Cue an attempt to fix. But six prompts later, partway through a modification, I ran out of context:
This is not good. Desktop commander was partway through making a series of changes - but they weren’t complete. So now I had a codebase that didn’t compile - and no easy way of getting back to a clean state. The 'edit-a-prompt' trick doesn’t work here - desktop commander has changed the contents of the files on disk.
What I should have done was committed the changes after every prompt completed (I could have got desktop commander to do that for me). That would have given me a way to go back.
With no alternative I pressed on. I opened a new session, told Claude to investigate the project directory and summarize what it found. And then asked it to complete the changes. Six prompts later I was out of context - again partway through a series of changes.
I was still trying to get Claude to restore the basic function; I’d started with two files in the codebase - a single main.rs plus cargo.toml. But when I looked at the codebase a disaster was growing. Instead of two files, there were now 189. Claude had created multiple versions of main.rs - main_adaptive.rs, main_complete.rs, main_fixed.rs, main_backup.rs… It had created 8 supporting python scripts. 23 batch files. And 120 demo wave files.
Yikes.
AI versus human
What’s interesting is the difference between how I’d describe the project and how Claude described it. Here’s what Claude thought:
My view? It’s a non-functional mess. And that’s being polite.
It’s the kind of project that needs a radical overhaul before making any further changes. Where you need to take a big step backwards in order to move forwards.
Now I can get Claude to do that tidy-up for me. But it’s me driving Claude, not Claude making that decision itself. And I can put the scaffolding in place to commit after each change, so that I can go back. But again - it’s me driving Claude.
And that’s the key takeaway. Claude is useful - very useful - at writing code. But it’s got limitations. Claude just isn’t a very good software engineer. It launches into coding without understanding requirements or thinking about the design. It doesn’t use source control to enable it to revert bad changes. It doesn’t recognize when the codebase has turned into a mess.
It only goes forward - and as fast as possible.
The other lesson I learnt is realizing when to cut your losses and start over. I threw away the project, improved the reqs and design with what I’d learnt and now I have a working tool.

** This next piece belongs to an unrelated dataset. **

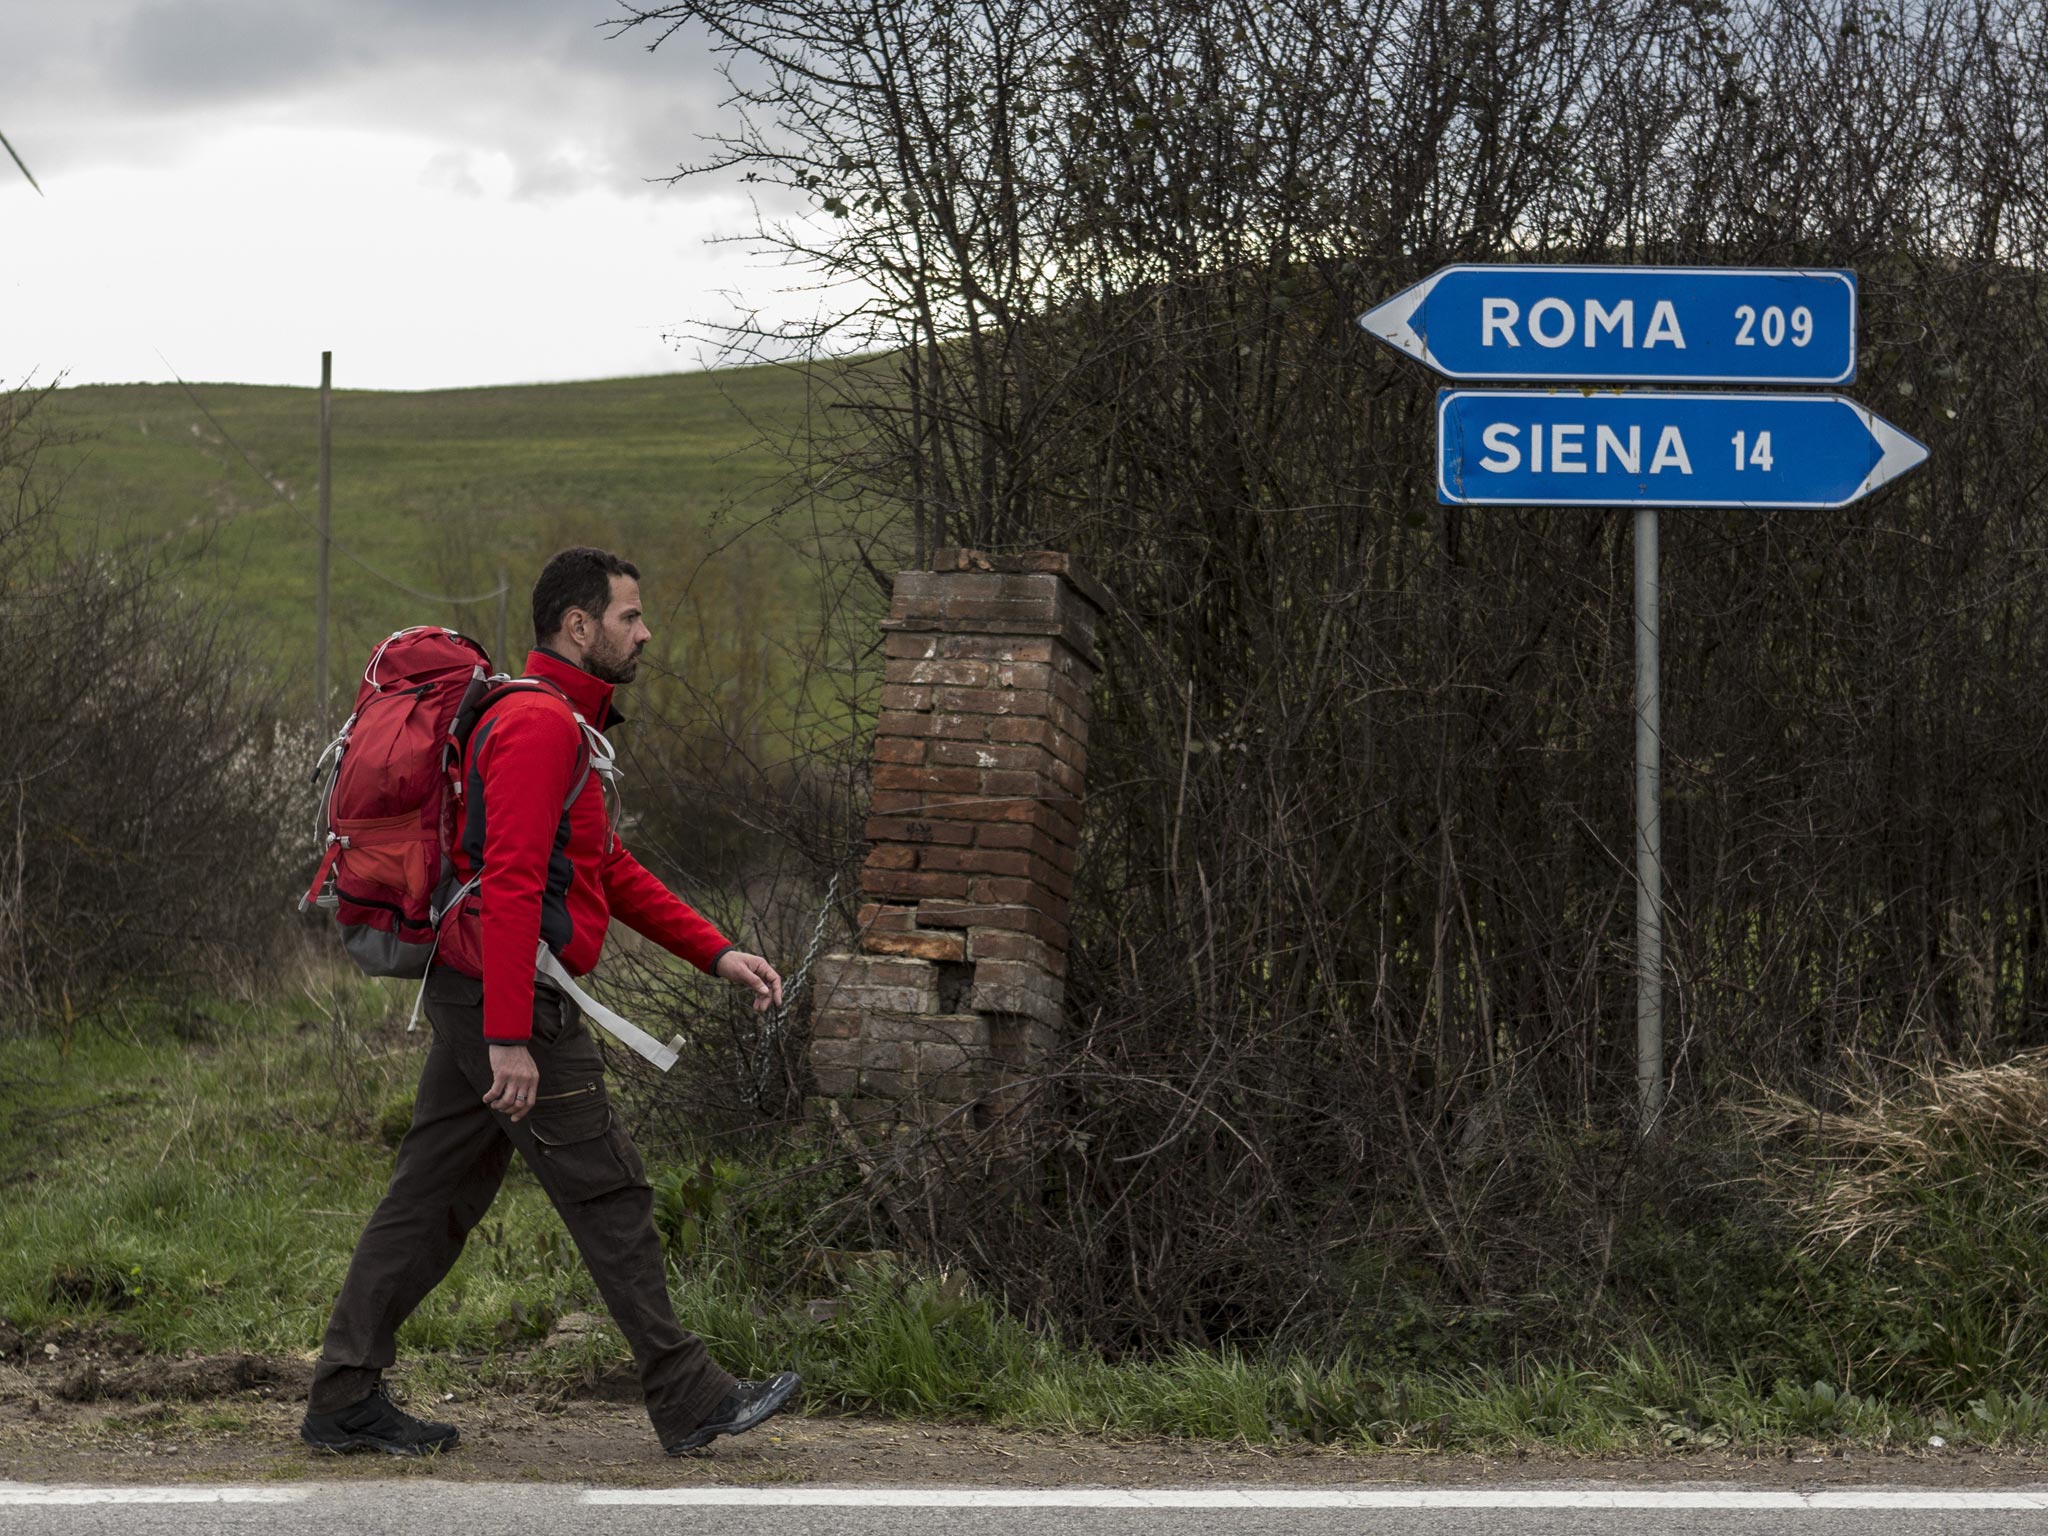 The rogue trader Jérôme Kerviel on his long walk back to Paris from Rome after meeting Pope Francis

It’s a different way of working - but AI enables rapid iteration. Maybe it’s the coding equivalent of if at first you don’t succeed, try and try again?
My model with Claude is 1) make a lot of very fast progress, getting something from zero to working in a few hours and then 2) spending a few days making it right. Working properly, rewritten so it’s maintainable, has a good API, is tested, documented, etc. It is rare that I give Claude a lot of latitude. I may give it a lot of code/docs, but I am careful to work on architecture and design first, and then get it to produce a bit at a time, unless I truly am starting from scratch.